PROBLEM REQUIREMENTS
Beginning with the line that holds "HealthyFoodTrends_Infographic" and finishing with the line that holds "Jungle Tree coloring page", repeat the listing exactly, leaving every picture out.

RECORD EXTRACTS
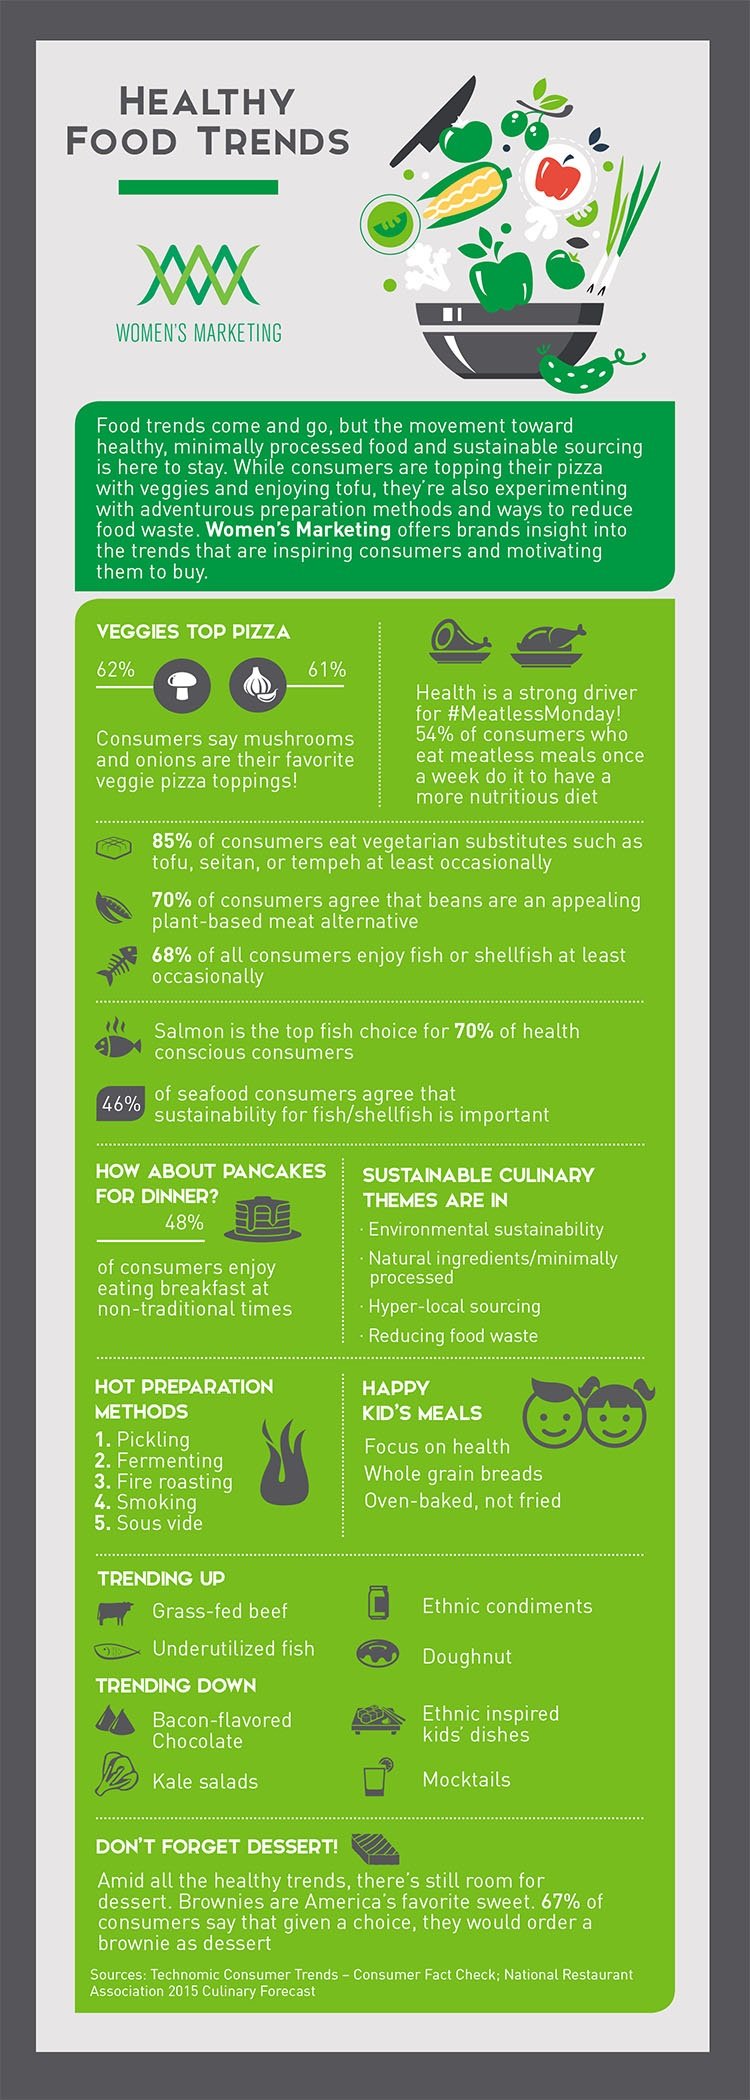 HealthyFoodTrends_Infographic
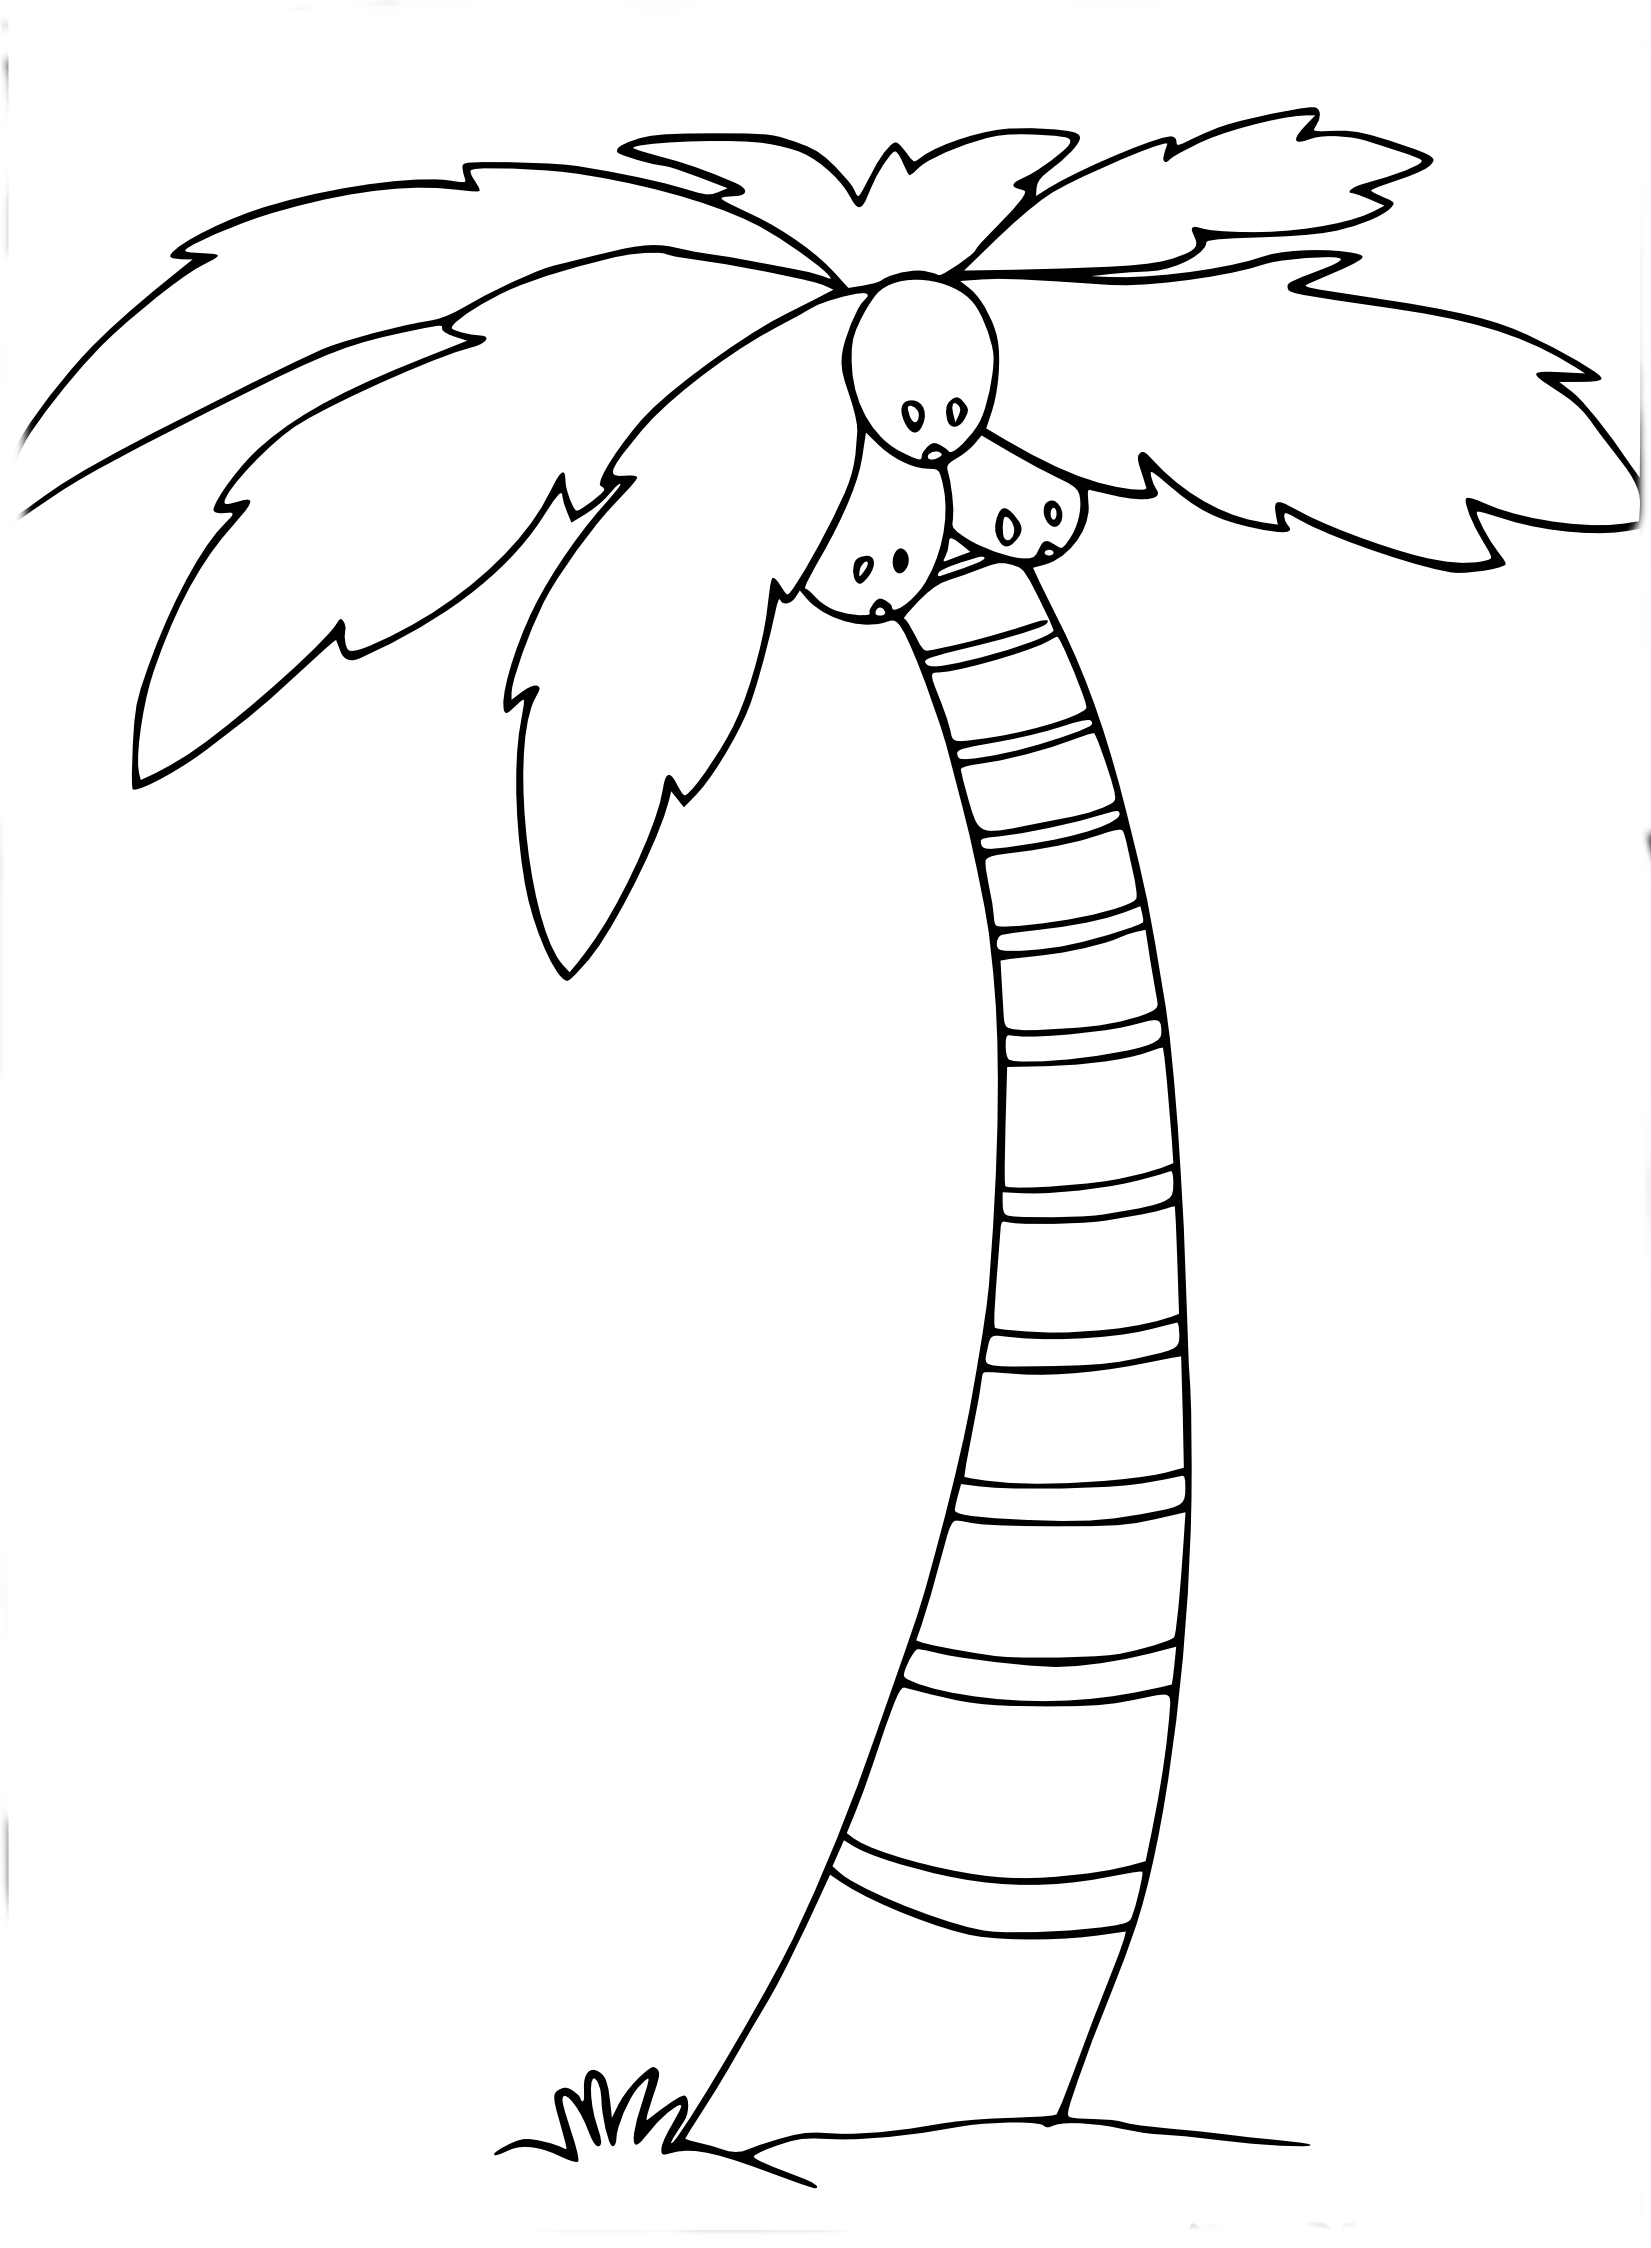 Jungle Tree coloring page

...

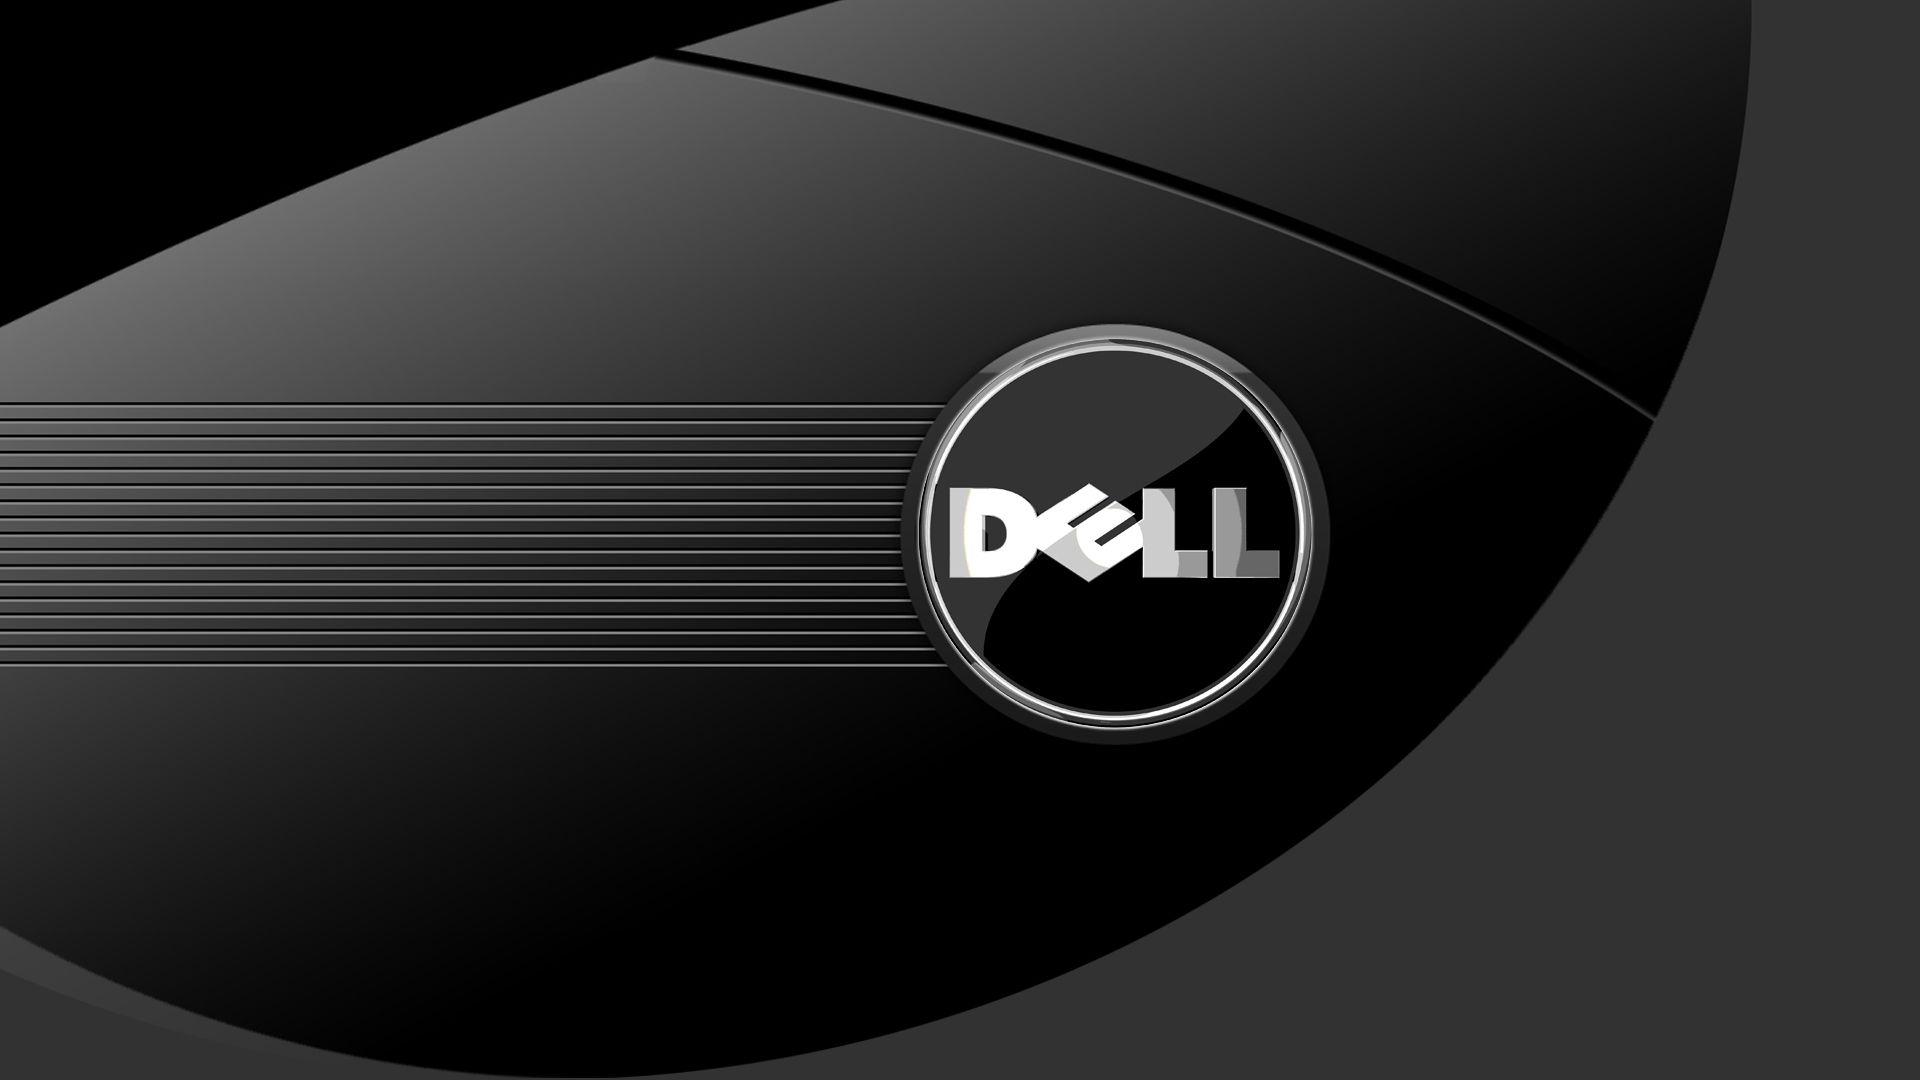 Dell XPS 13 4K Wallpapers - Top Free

TASK OUTPUT
 HealthyFoodTrends_Infographic
 Jungle Tree coloring page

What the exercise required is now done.